SUPPLIED MATERIAL:
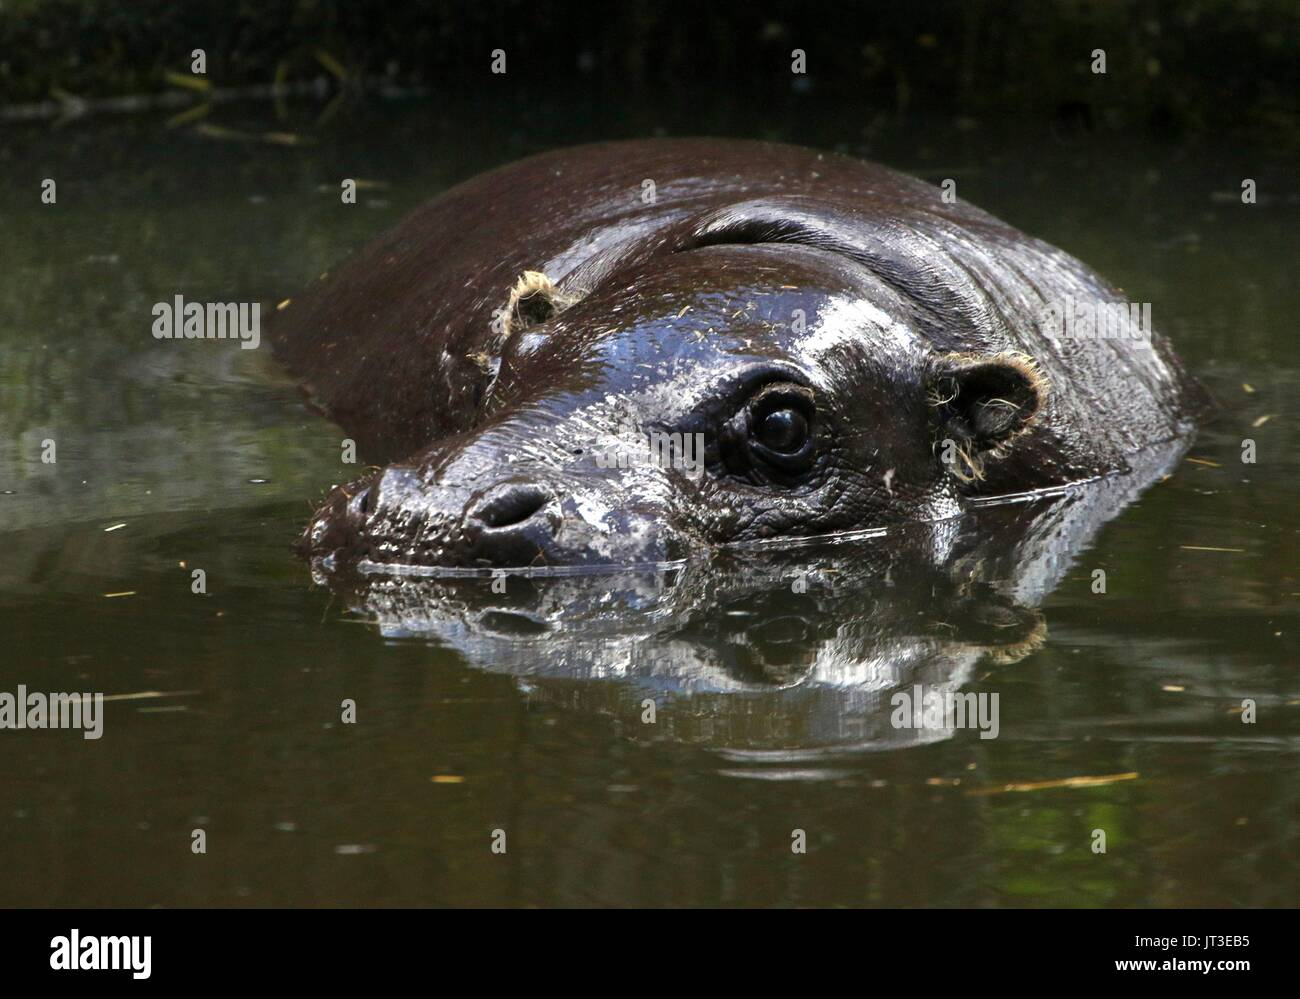 West African Pygmy hippopotamus (Hexaprotodon liberiensis, Choeropsis liberiensis) - Stock Image
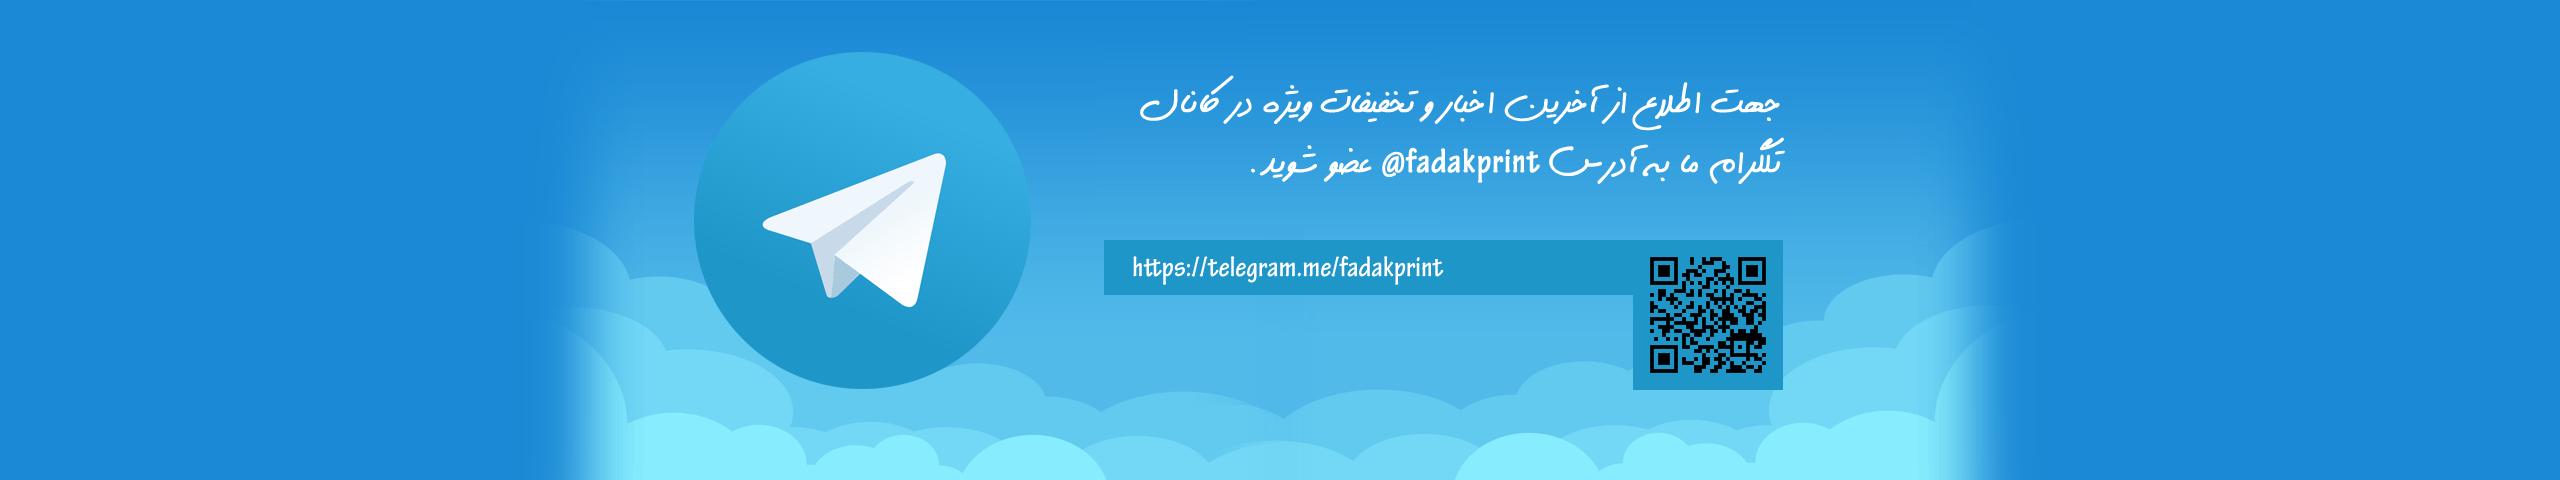 fadakprint-telegram4
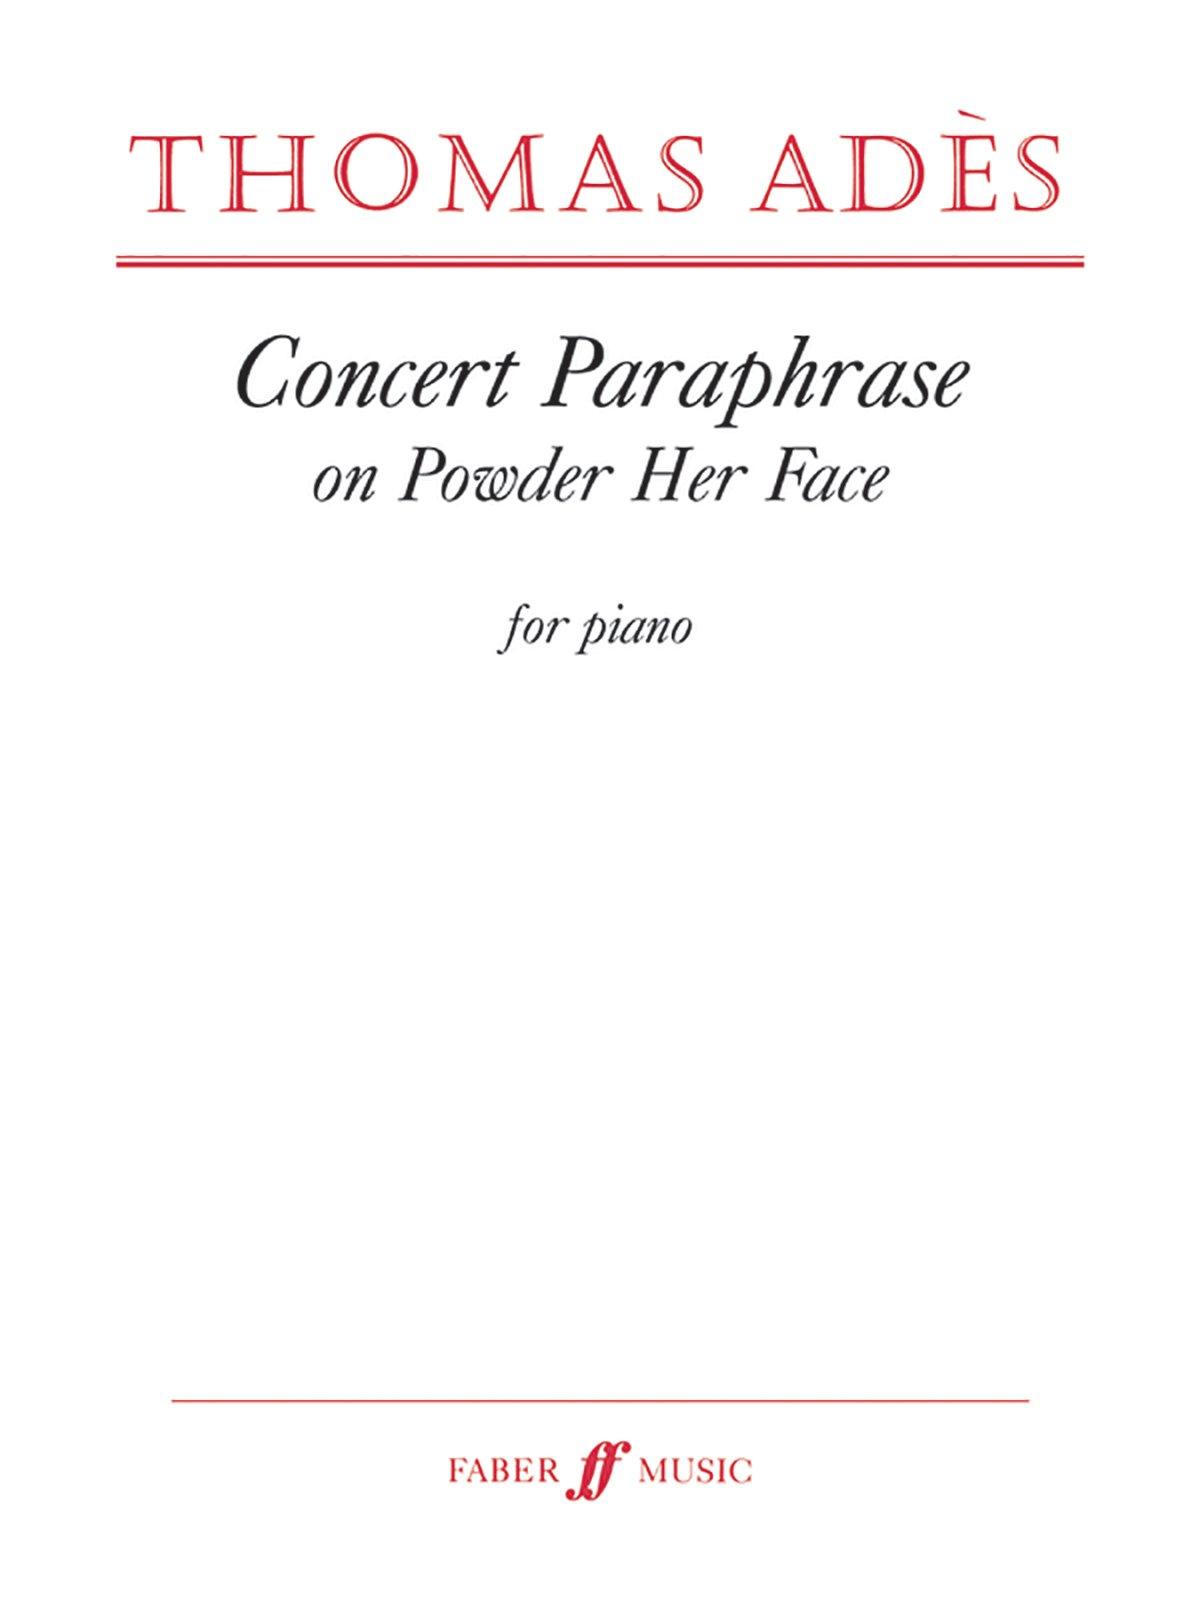 Concert Paraphrase on Powder Her Face (Faber Edition) pdf

THE TASK: All of the material above should be reproduced exactly, except the pictures.

RESPONSE:
 West African Pygmy hippopotamus (Hexaprotodon liberiensis, Choeropsis liberiensis) - Stock Image
 fadakprint-telegram4
 Concert Paraphrase on Powder Her Face (Faber Edition) pdf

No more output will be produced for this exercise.